The US is also at risk of a “modest” recession toward the end of 2023, he said in Dubai.
Governments around the world are battling to inject some life into their economies as soaring prices — caused in part by Russia’s invasion of Ukraine — hamper growth. Central banks have moved to raise interest rates to counter the trend, and that’s likely to continue, McCormack said.
The US Federal Reserve will probably need to increase rates to 5.5%, he said, up from a range of 4.5% to 4.75%. Fitch is preparing a report to elaborate on the forecast for publication later this month.
The US Treasury Department hit a statutory debt ceiling in January and lawmakers are currently debating raising the limit to avoid a payment default. That scenario is a possibility though not Fitch’s base-case, McCormack said.
One country at much greater risk of default is Pakistan, the Fitch executive said, with the country struggling with inflation above 30% and striving to meet conditions to secure a $6.5 billion International Monetary Fund bailout.

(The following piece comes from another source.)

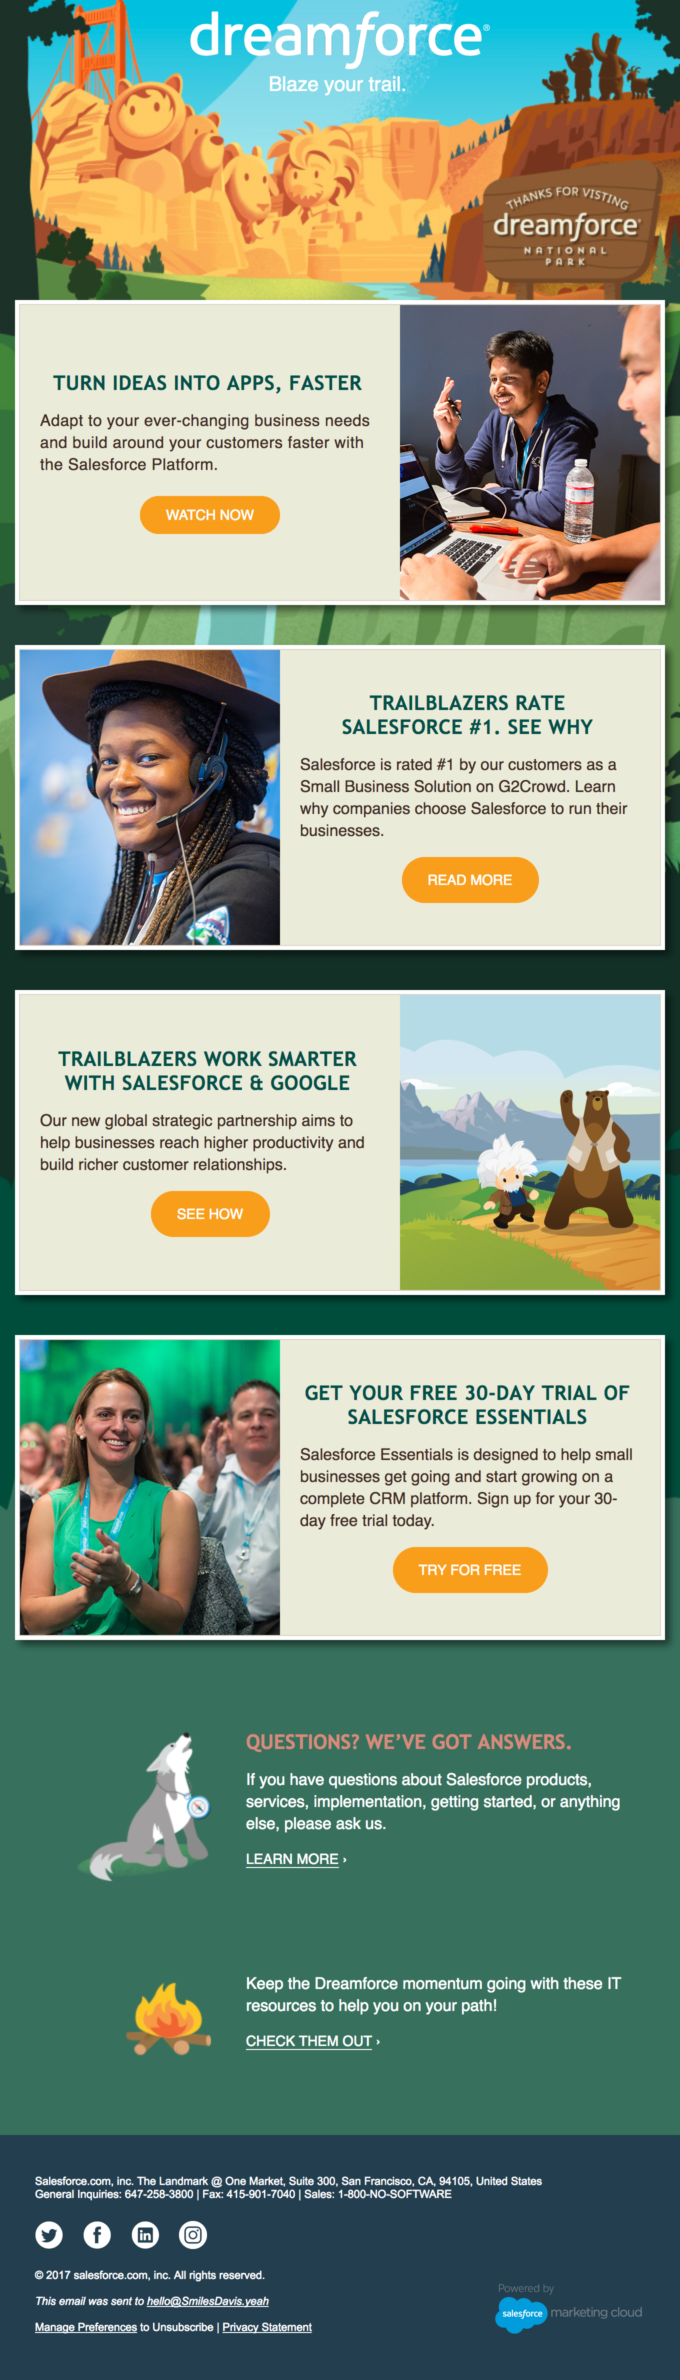 See how you can innovate faster with the Salesforce Platform - Salesforce Email Newsletter

“That’s a critical case to watch, the most critical,” McCormack said.
The outlook for Egypt, another country deep in economic crisis, depends on the ability to secure external financing, most likely from traditional allies in the Gulf region, he said.
One country with a more positive story to tell is Saudi Arabia, with the highest economic growth in the G20 and in the process of diversifying away from oil and opening up to the outside world.
“The level of enthusiasm is palpable in Saudi Arabia,” McCormack said. “Now we are starting to see results.”